Dive: How aware of the media are you?

P: I think that most artists in this era have to be fairly media savvy and know how to navigate all of that stuff. Me personally, I’ve seen what the media has to say but I’m more concerned with what the fans are saying — what their concert experience was like, what songs they like, what songs they don’t like. That’s the kind of feedback I’m most interested in.

Dive: Do you think social networking has bridged the gap between producers and listeners?

RBP: It’s sort of like a gift and a curse. But not being untouchable to them makes them feel like they can reach out. We definitely take time to talk to people. But the curse side is some people think that because you’re accessible that they can talk reckless or say whatever. But it just comes with the territory.

Dive: How about the comment sections of blogs — do you ever read what people say under your posts?

P: I’m going to go ahead and say I do sometimes. Again, I just want to see what the fans are saying and get their feedback.

Dive: I read a comment under a post about Leftback’s tracklist that said, “Pooh and Phonte should have gone harder with this being their last album.” What do you think when you read something like that?

RBP:
You laugh at things like that. That’s comedy. I was reading some comments when Dr. Dre said he was putting out a single in two weeks, and people were trying to rate the album. How are you going to rate an album you never heard? You heard the Dr. Pepper beat. That’s funny. You take those things with a grain of salt and can’t do anything but laugh at them.

Dive: Why include two remixes on a final album?

P: Originally the album was supposed to be an EP. It was supposed to be something with a few new songs, a few remixes, kind of like what we did with Chittlin’ Circuit 1.5.

RBP: People are in an uproar because we put them inside the album, not as bonus tracks. I mean, there’s still 11 new tracks.

Dive: Some beef went down between former member 9th Wonder and Little Brother regarding an old song. Have things been resolved?

P: Um, nah. I mean it’s all good. I hadn’t heard anything and I don’t expect too. I left it at my part.

Dive: With no relationship with 9th, do you still check what’s coming out of his camp?

RBP: I mean, I do, seeing what’s N.C.’s doing. Some of the stuff I hear is cool, some of it is just whatever. But if I hear something I think is dope, I let it be known. I think what my man Big Remo is doing is dope. I like the stuff they are doing together. Even though me and him are not friends, if I hear something that’s dope I let it be known.

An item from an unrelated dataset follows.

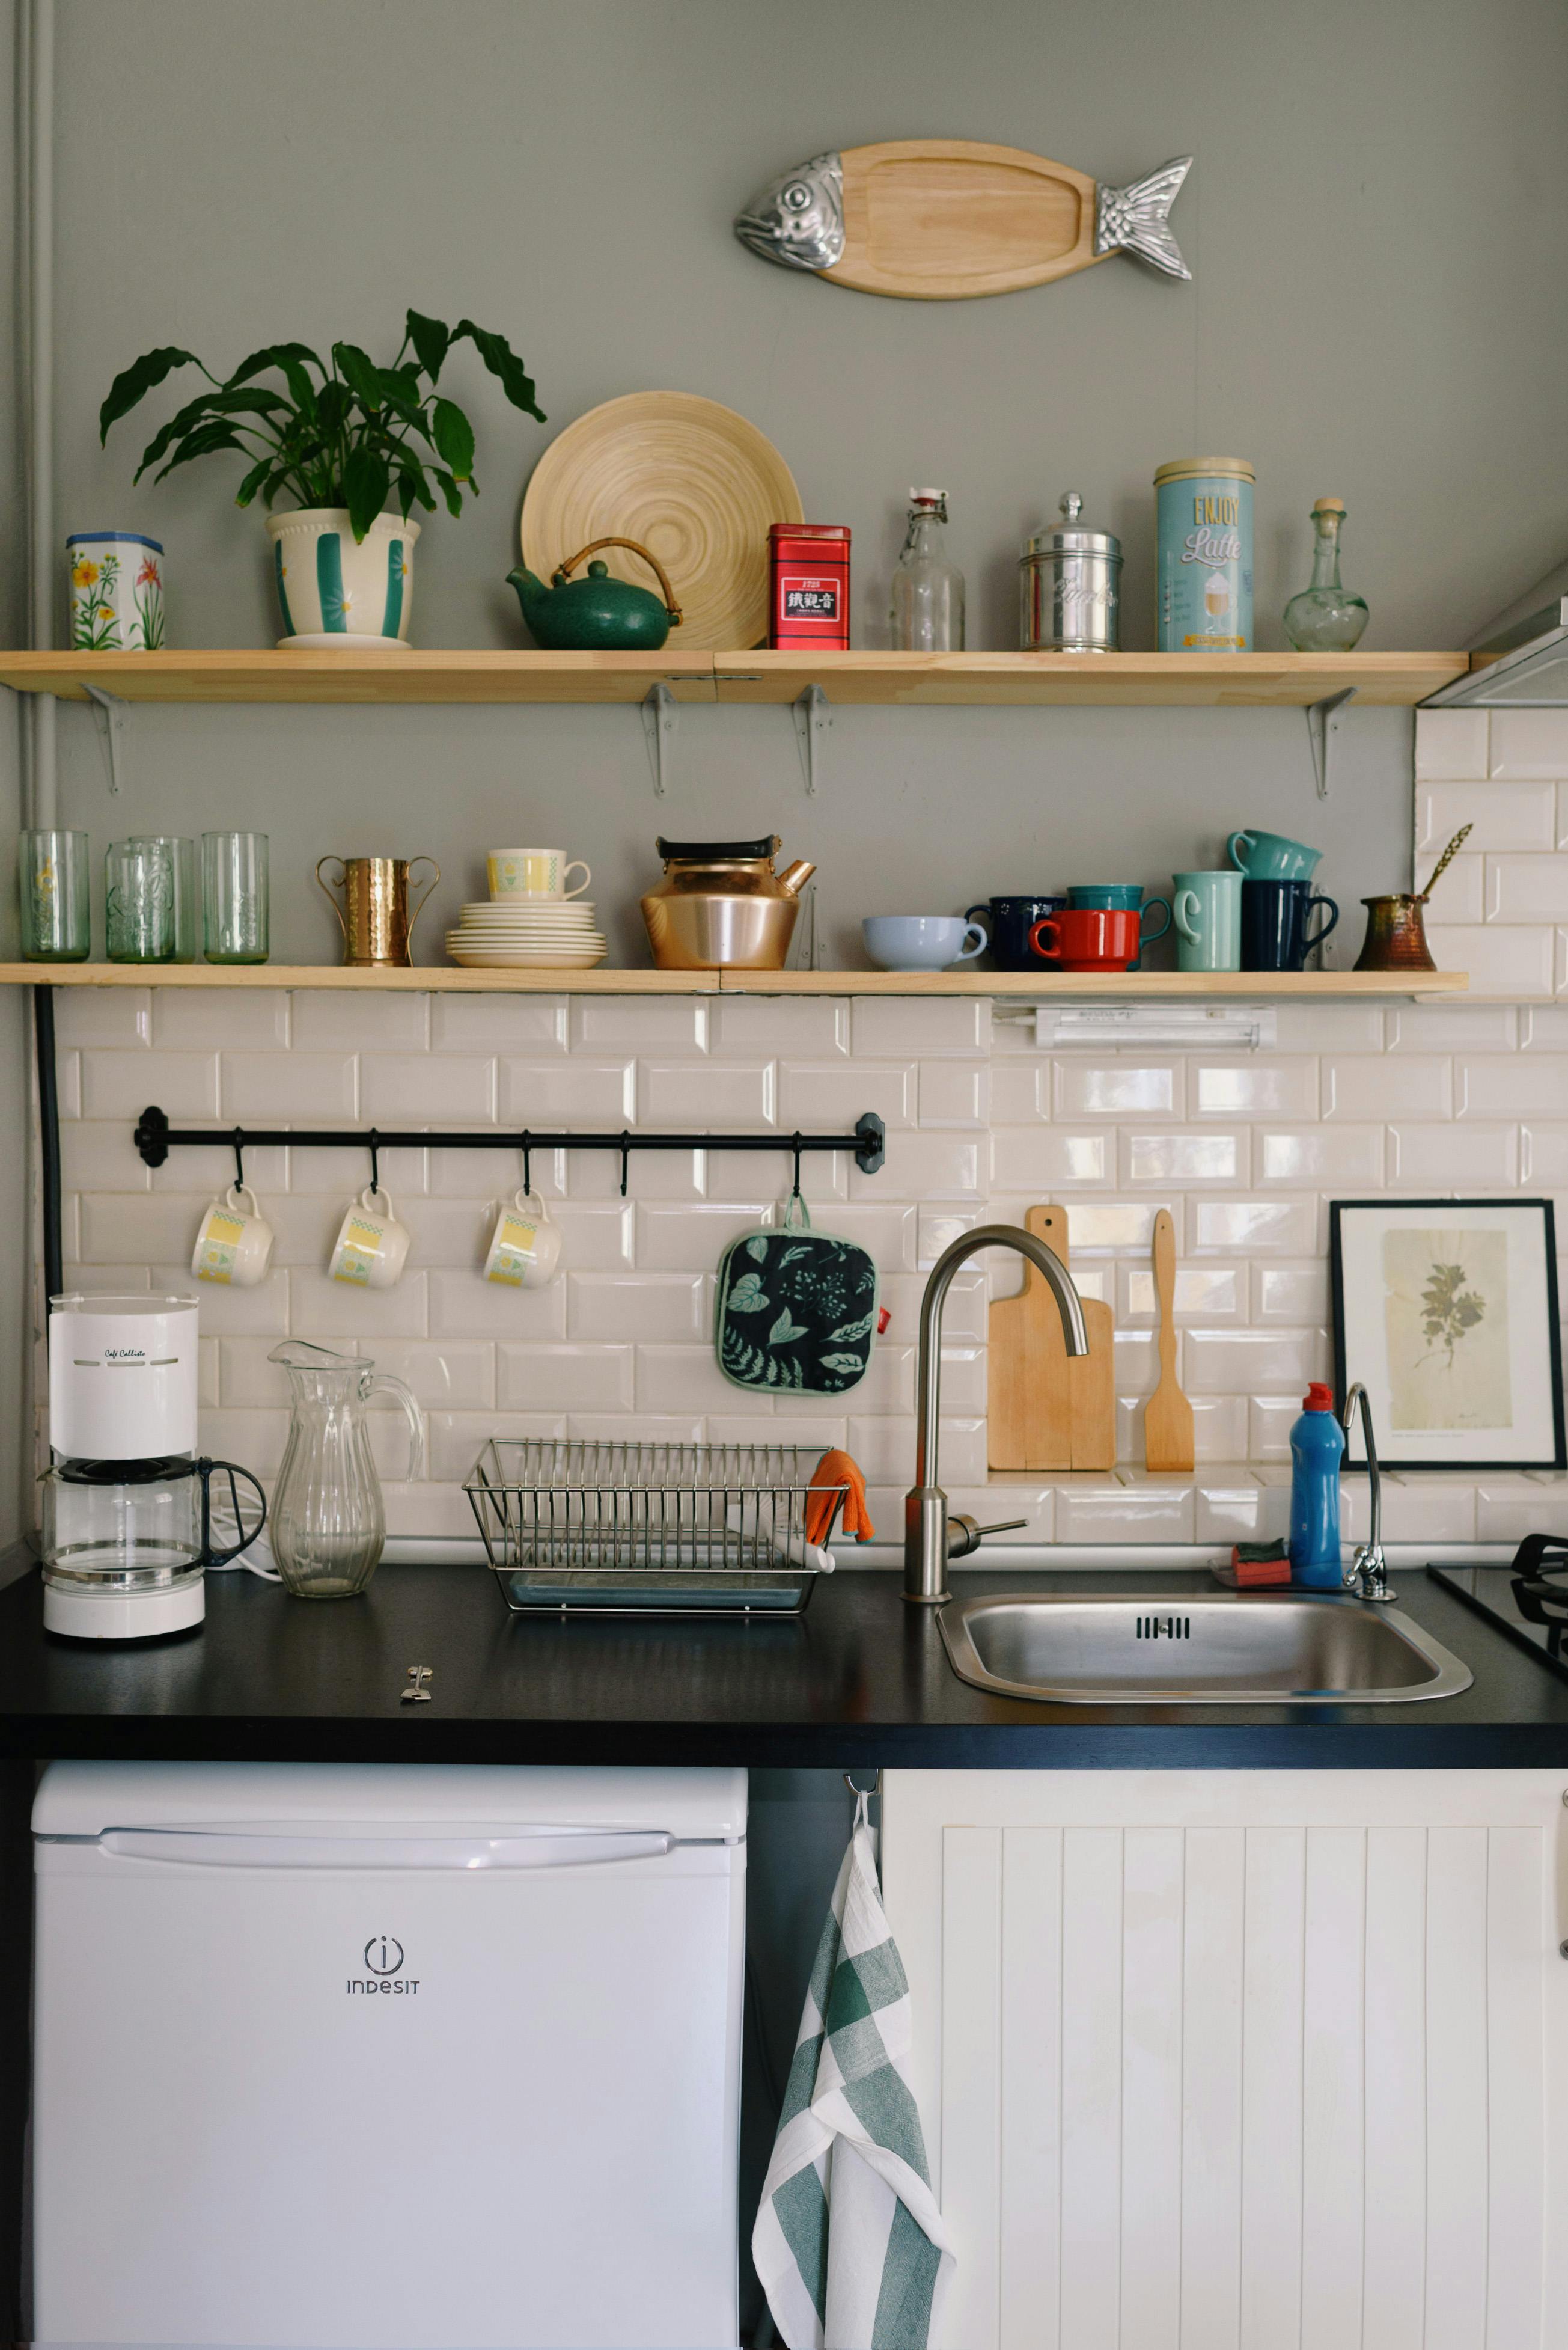 Modern kitchen interior with sink and kitchenware on shelves \u00b7 Free ...

Dive: Little Brother has always been considered by many as the preeminent example of N.C. hip-hop. With the group stepping out of the way, where does the state go from here?

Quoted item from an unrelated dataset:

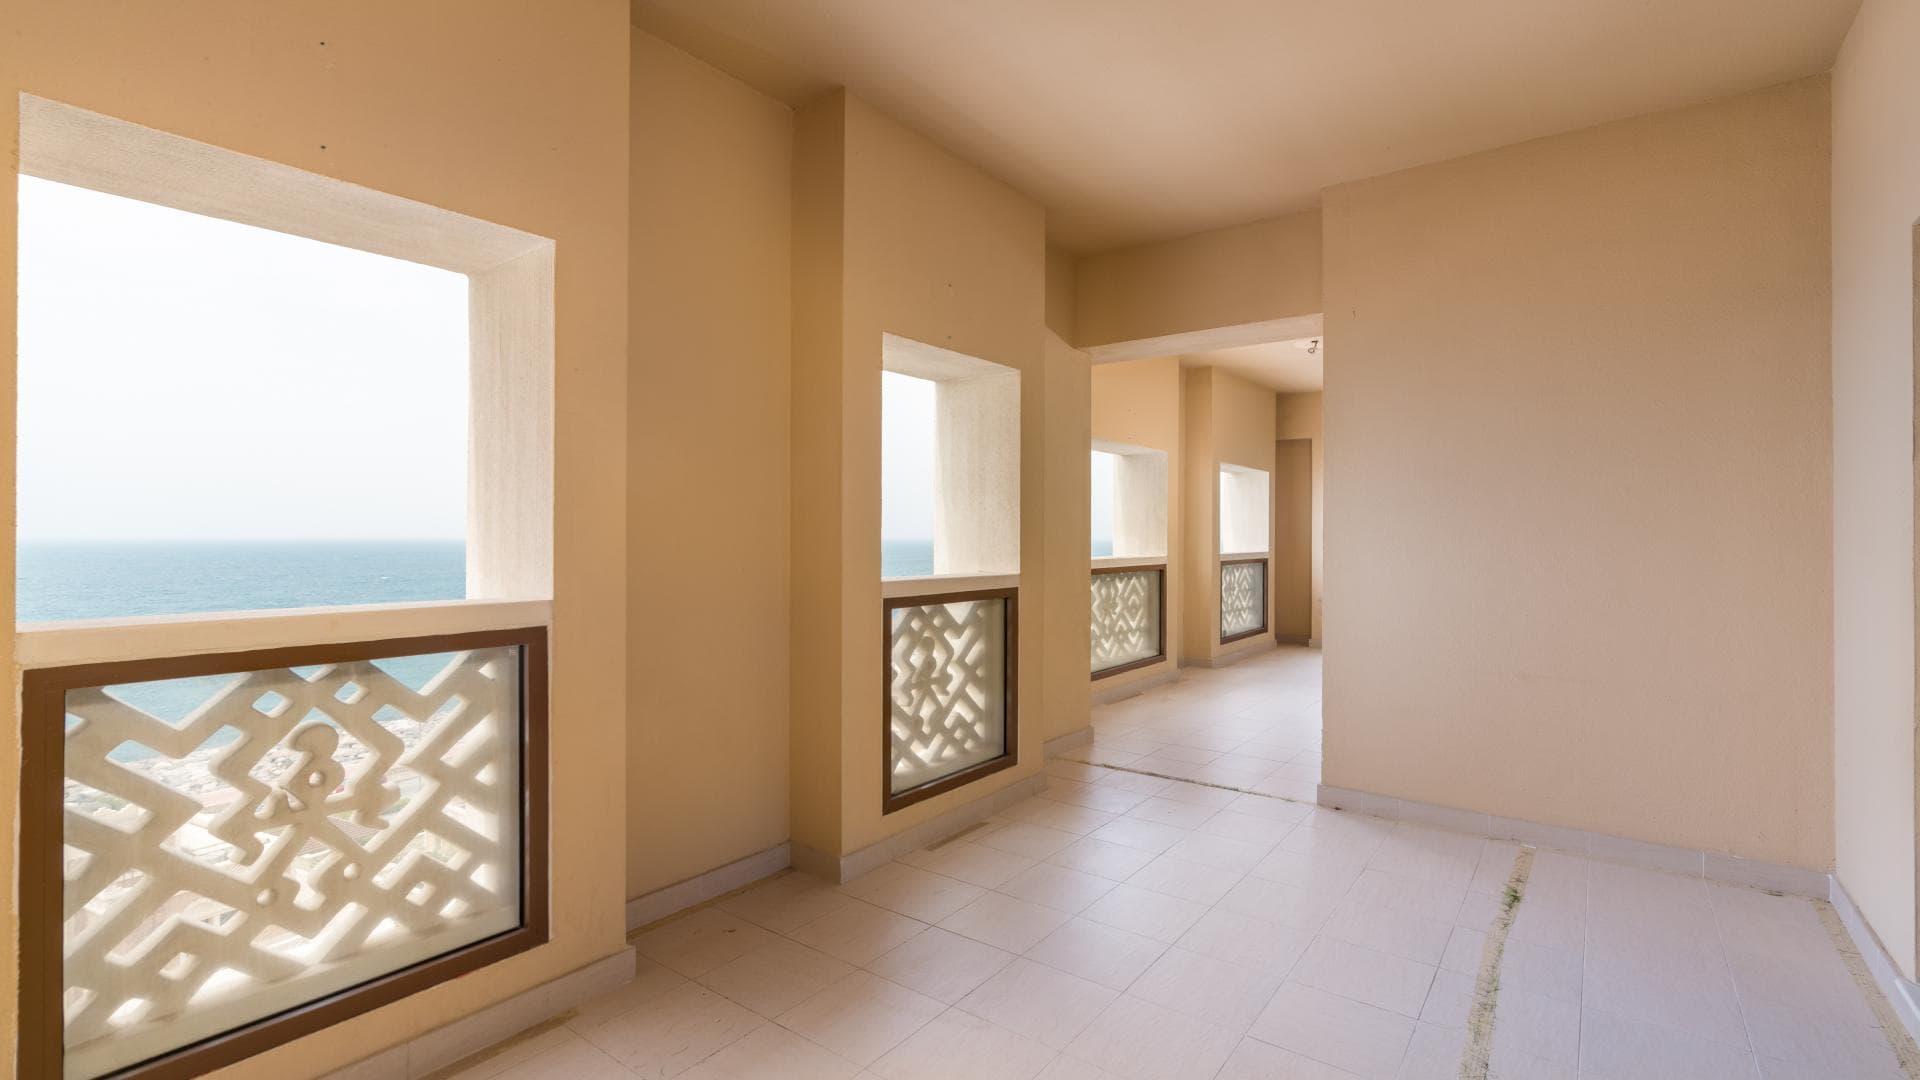 3 Bedroom Apartment For Rent Kingdom Of Sheba Lp19023 2ad9f2bbd5b3da00.jpg

RBP: I don’t know about anybody stepping up, but there’s definitely a lot of talent in North Carolina. North Carolina is just one of those places where the scene has almost dissolved, and it don’t support its own. Like I said, there’s a lot of talent, but I don’t know if anybody is going to take the flag.            Dive: J. Cole was supposed to headline a show at Cat’s Cradle recently but cancelled to go on a college tour. Don’t you think that puts a bad taste in the home state’s support’s mouth?

P: Hey, everybody got a mortgage.

RBP: Thing is, what some people don’t understand about touring is that you can have something set up in advance. Like, I got something for a show in August. If something crazy comes up between now and then that hadn’t presented itself when I booked the August show way back, then I’m kind of at a crossroad. You can always reschedule a one-off, but if an opportunity presents itself that you can’t get back you have to take it. I can get back another show at the Cradle but I can’t get back a whole tour.

Dive: What’s the immediate future for you guys?

RBP:
I got a collaboration record with my man Rock C out of California; my solo record; building my sport venture brand, Pooh on Sports, taking it as far as I can.

P: I’ll just be continuing to work with Nicolay and building the Foreign Exchange Music brand. We got Yahzarah’s and Zo!’s  albums coming out soon and the new Foreign Exchange record in October. I’ll do a solo record sometime, but developing the FE brand is the goal right now.